Another survey topic examined survey participants attitudes and enthusiasm for AI in compliance and to dig deeper into this aspect of the survey, RegTech Insight interviewed Jon Elvin, Strategic Risk Advisor at Saifr. With over 30 years of experience in compliance, risk management, AML, BSA, and sanctions, Jon is uniquely positioned to share insights on this topic.
RegTech Insight: Having looked at the report, I understand there was one bar chart that stood out indicating that several of the seventeen survey participants responded with a wait-and-see attitude towards adoption so, perhaps we could start there?
Jon Elvin: I was surprised to see so many people hesitant to move forward and really taking a wait-and-see approach. In financial services, particularly with heavy regulatory compliance implications, like anti-money laundering, risk, and reputation, there are two trains of thought.
On the business side—business generation, how can you use AI to understand more about customers? How can you bring more products and services, more insights to the forefront that become actionable?
There’s definitely a camp in financial services that completely embraces AI. Every chief technology officer wants to show they’re taking advantage of efficiency gains. If they can build stronger relationships with clients, generate more revenue and reduce their regulatory risk, that’s their direction.
At the same time, there’s the question of how to bring AI into exploration or experimentation responsibly, because AI can have very positive effects, but also negative ones, like disparate impact on customers.
My view, from being a practitioner and policymaker at a large US financial institution, is that the personal liability decision to explore AI can bring regulatory risk. As a Chief BSA Compliance Risk Officer, if you step outside the pack and do something new, you might get asked, “How do you know it’s not having a disparate impact?” There are efficiency gains with robotics and so forth, but the true value is how AI might become more effective, reduce cycle times, or potentially conflict with the historical rule-set version of AML.
Transaction monitoring in every AML program deals with false positives. That’s a huge frustration. When you explore AI, you have to think about the person with the most personal liability for the good, bad, and ugly—someone like my old role, the BSA officer.
I’ll walk you through that dichotomy. Regulators do promote innovation. They have office hours where vendors or financial institutions can share ideas and early returns. But they also talk about “responsible innovation,” meaning if you’re going to change an existing process—transaction monitoring, KYC attributes, adverse media—they expect you to run things in parallel for a while to compare apples to apples. The challenge is, from a day-to-day standpoint, I might not be staffed to run two things at once. If I embark on that course, I have to run two parallel processes.

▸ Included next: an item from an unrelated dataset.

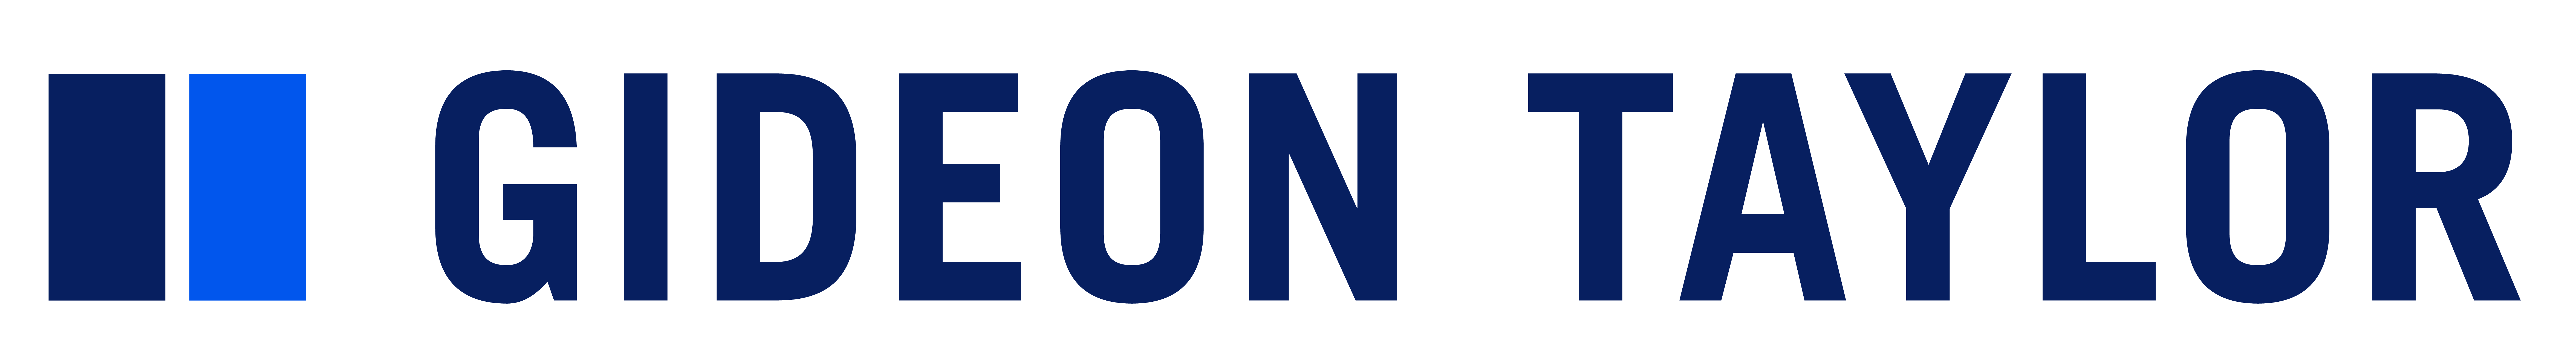 Gideon Taylor logo

Another risk, if the AI experiment shows significant value—efficiency, effectiveness, precision, then great. But what if it shows my current process is completely broken? That leads to potential additional scrutiny for deficiencies in my program.
RegTech Insight: If AI exposes weakness in the existing process, and you show that to the regulator, and it reveals you’ve been wrong for 10 years, that’s not a good signal, it becomes a liability.
Jon Elvin: Exactly. Think of a cartoon with someone on one side saying, “Do it,” and someone else saying “Danger, danger.” That’s what it feels like for someone with those responsibilities. As soon as you start such an experiment, if I put it on paper, it goes on a project sheet and becomes visible to management. Then business and audit might say, “Why are we doing this? The regulators never had an issue with our current process.” Regulators say they support you, but then they watch closely, and that can bring risk.
There’s also human nature for managers and analysts who worry AI might eliminate operational jobs. Some may not fully embrace innovation, or they challenge early results because they fear losing their teams or positions. I’ve seen that repeatedly.
When I saw that many survey respondents preferred safety in the pack, it aligned with the idea that if you’re not well-positioned or well-tenured, or if you don’t have total buy-in from management, you might not push it. You might not want additional budget or scrutiny, especially if you’re finishing a regulatory exam.
I’ve heard compliance officers say, “Regulators haven’t had a problem with how we’ve been doing it, so I’ll accept the status quo,” even though they know their current process isn’t thorough. They’re hesitant for various reasons.
RegTech Insight: I think you’re talking about “If it ain’t broke, don’t fix it,” versus “Don’t rock the boat,” which means you’re going to come under scrutiny.
Jon Elvin: Exactly. Also, depending on the maturity and stakeholders in that firm, it’s about the personality, intent, and vision of the BSA officer. I always supported innovation, but I understand why some don’t. They view it as a risk or undue scrutiny, so they become complacent. Longer-tenured ones might just wait for someone else to do it first, but I think that is short sighted. The risks aren’t going away and only getting more complex and smarter. So, I think you should always be exploring ways to improve.”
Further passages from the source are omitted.